:: Problem to solve ::
Return all of the data exactly, with nothing left out but the pictures.

:: Information provided ::

§

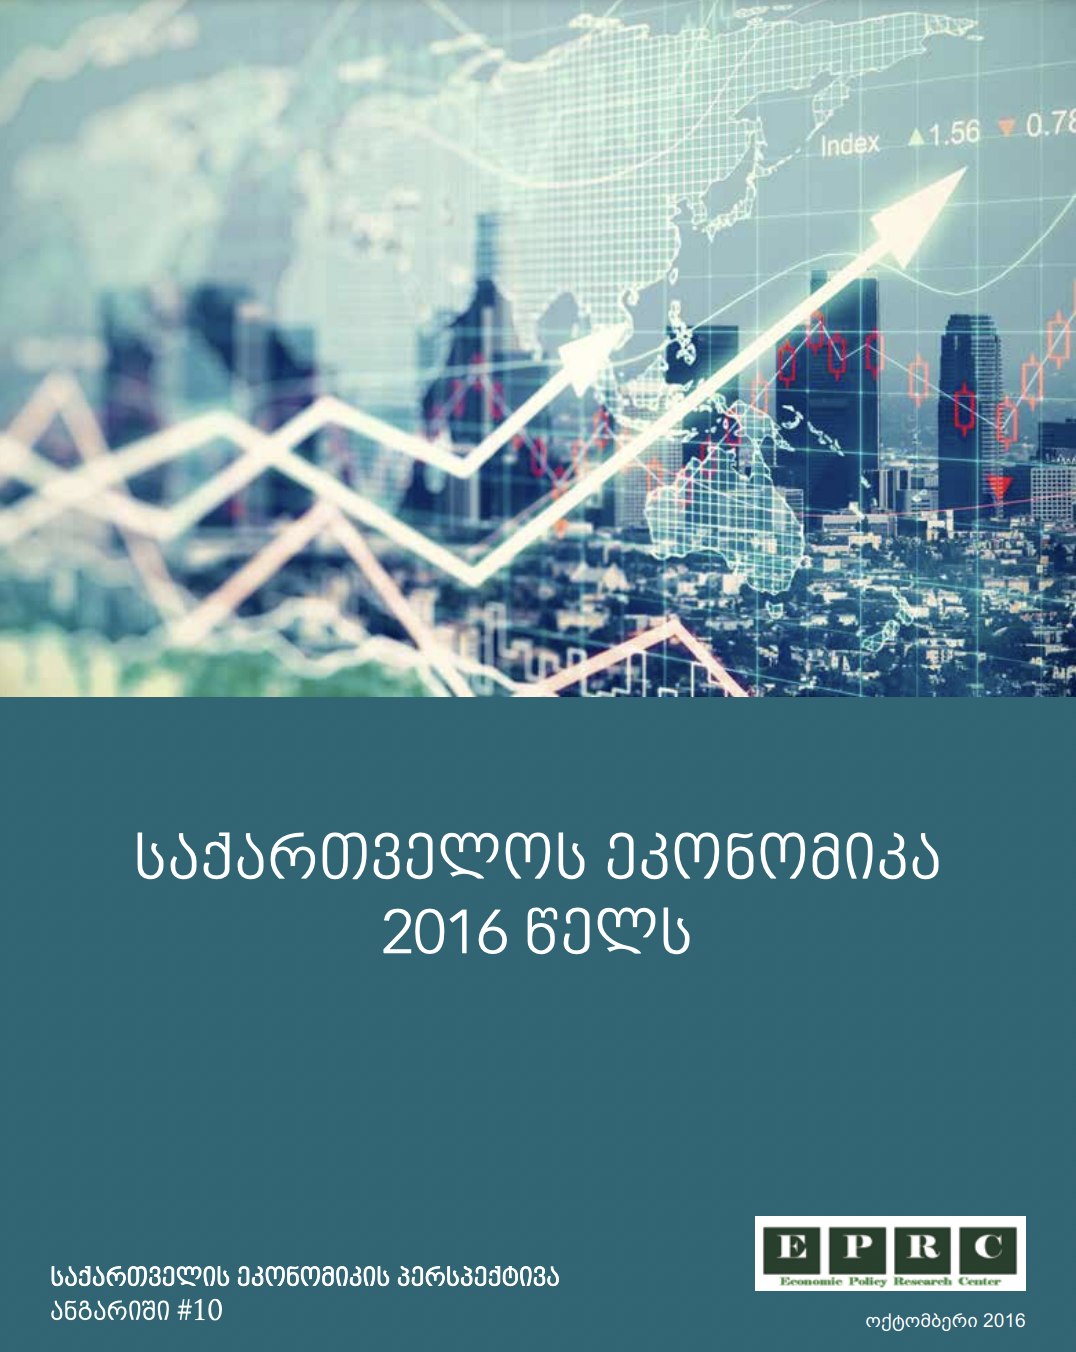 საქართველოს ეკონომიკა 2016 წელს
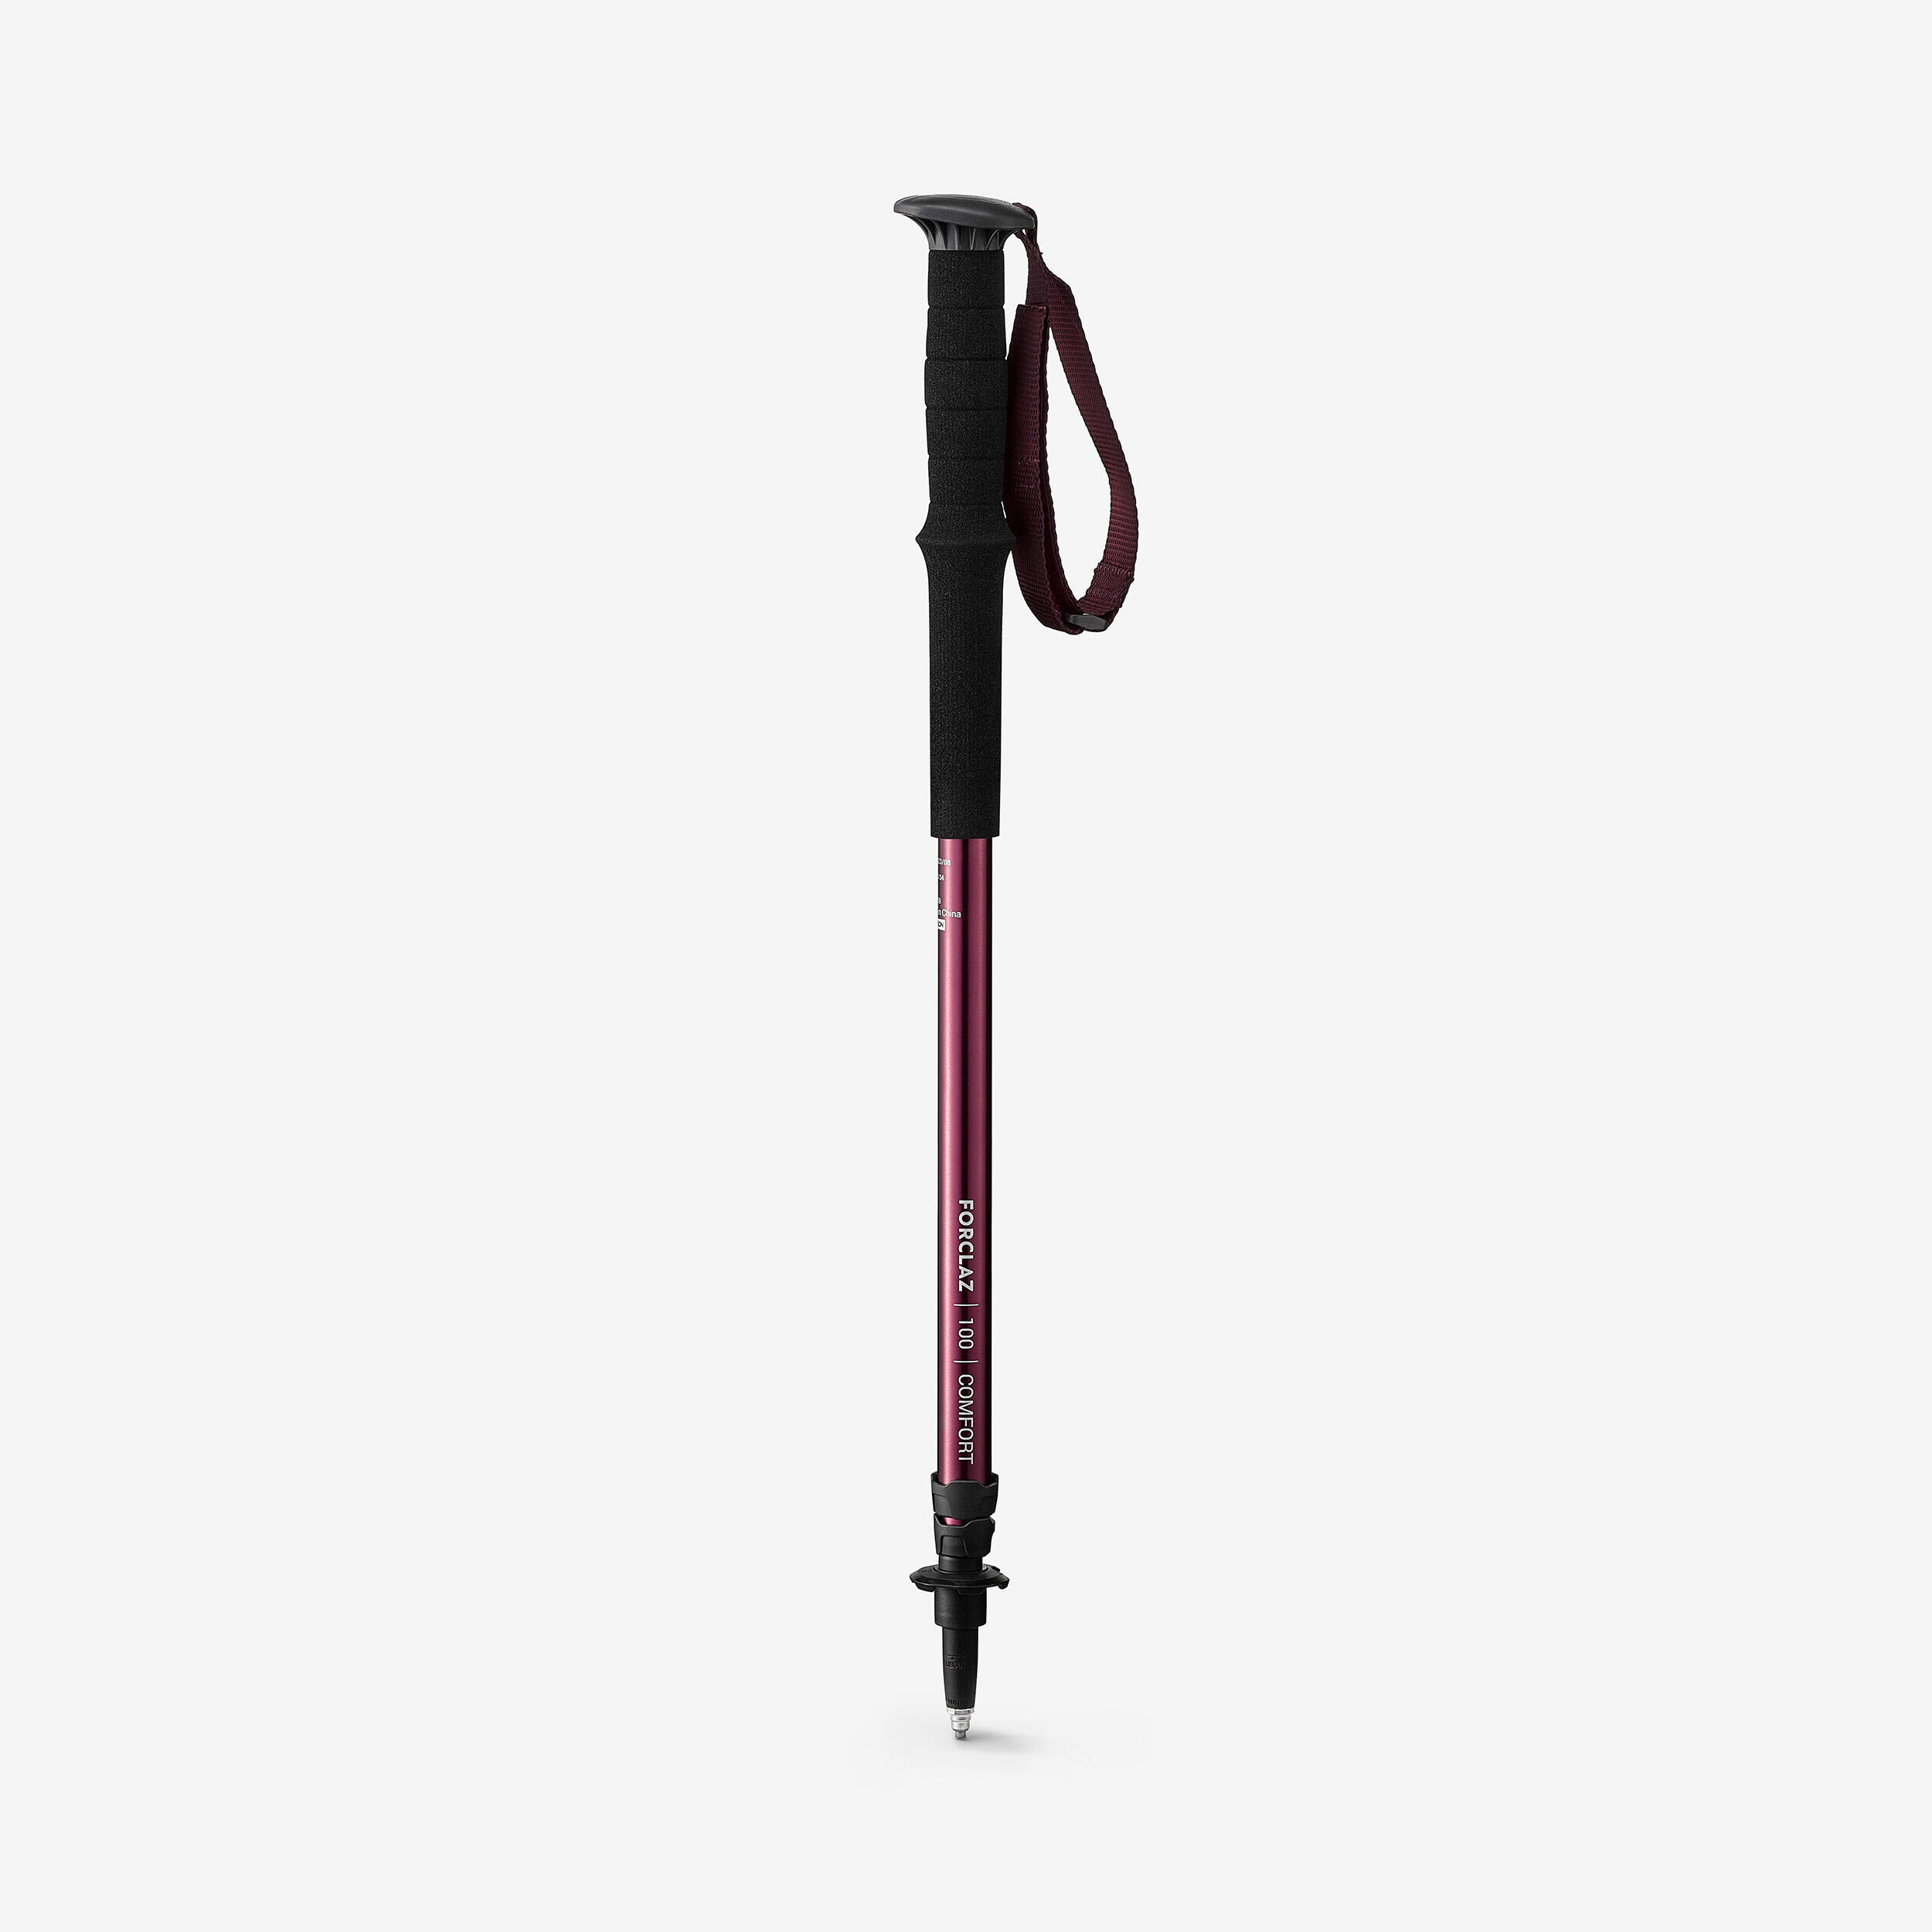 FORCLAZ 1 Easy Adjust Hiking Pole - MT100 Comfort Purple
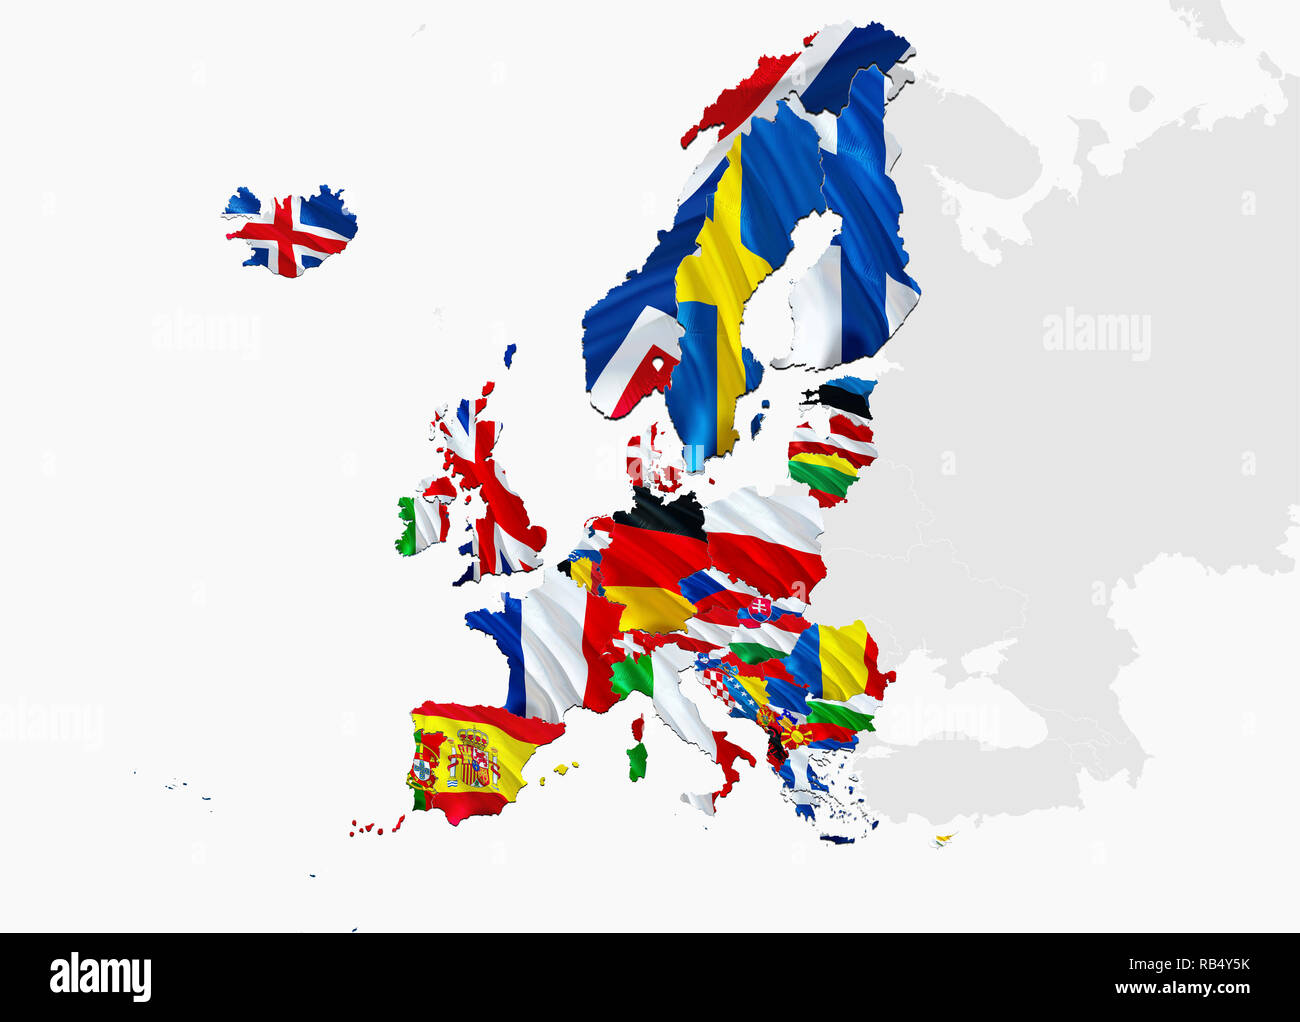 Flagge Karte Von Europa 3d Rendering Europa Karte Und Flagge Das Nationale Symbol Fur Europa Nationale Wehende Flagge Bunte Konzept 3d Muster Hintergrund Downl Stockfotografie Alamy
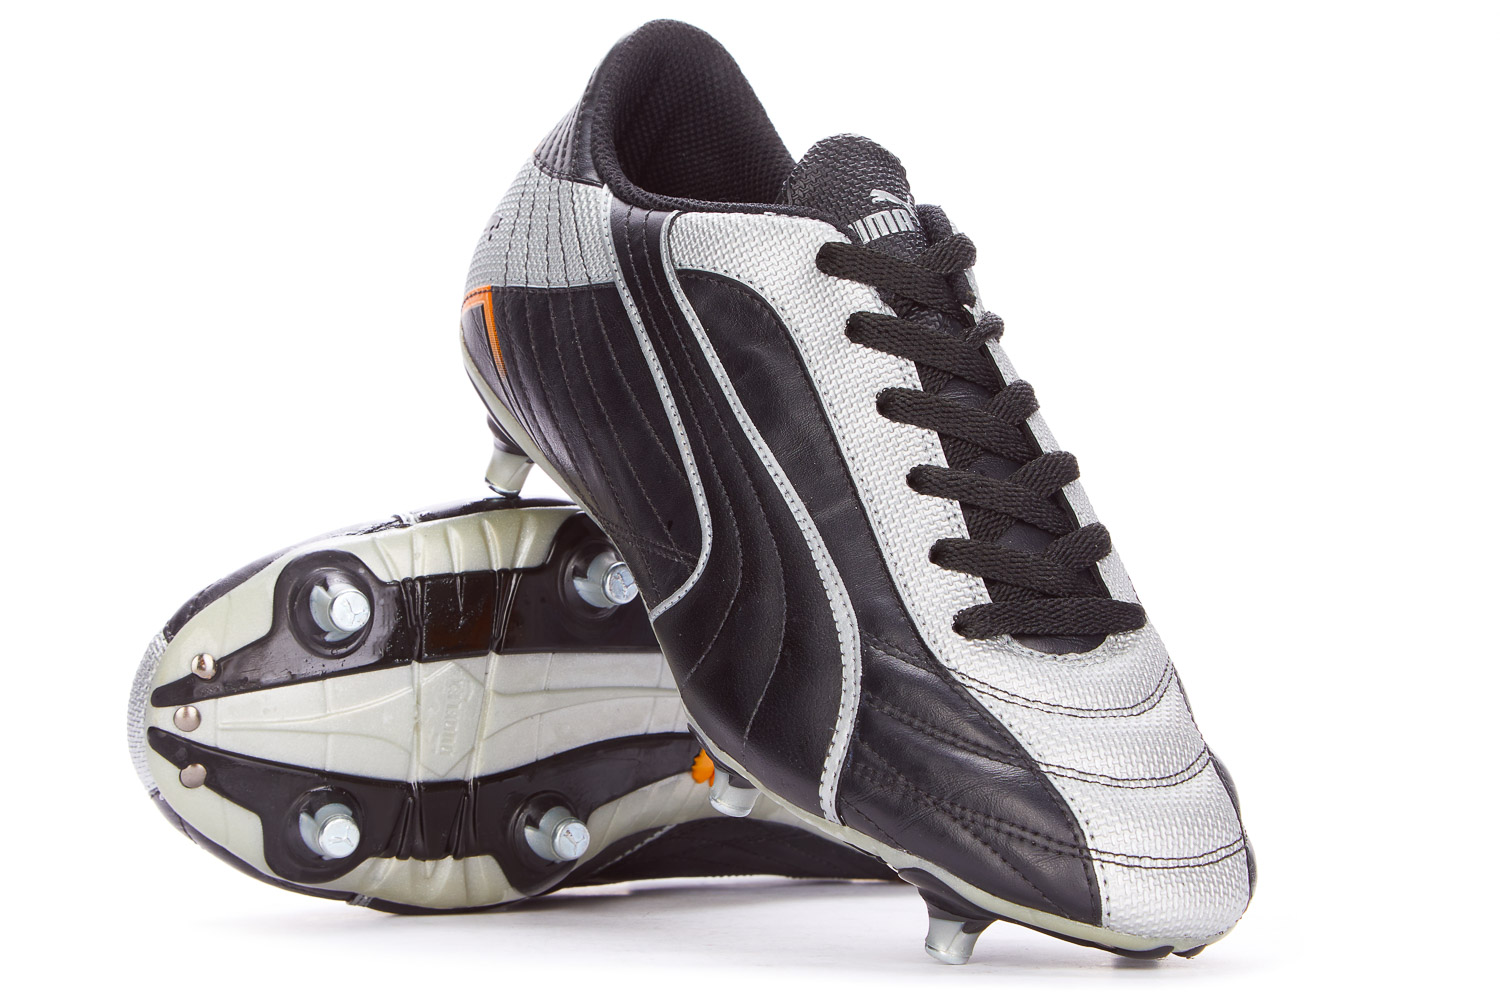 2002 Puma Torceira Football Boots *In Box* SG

§

:: Written reply ::
 საქართველოს ეკონომიკა 2016 წელს
 FORCLAZ 1 Easy Adjust Hiking Pole - MT100 Comfort Purple
 Flagge Karte Von Europa 3d Rendering Europa Karte Und Flagge Das Nationale Symbol Fur Europa Nationale Wehende Flagge Bunte Konzept 3d Muster Hintergrund Downl Stockfotografie Alamy
 2002 Puma Torceira Football Boots *In Box* SG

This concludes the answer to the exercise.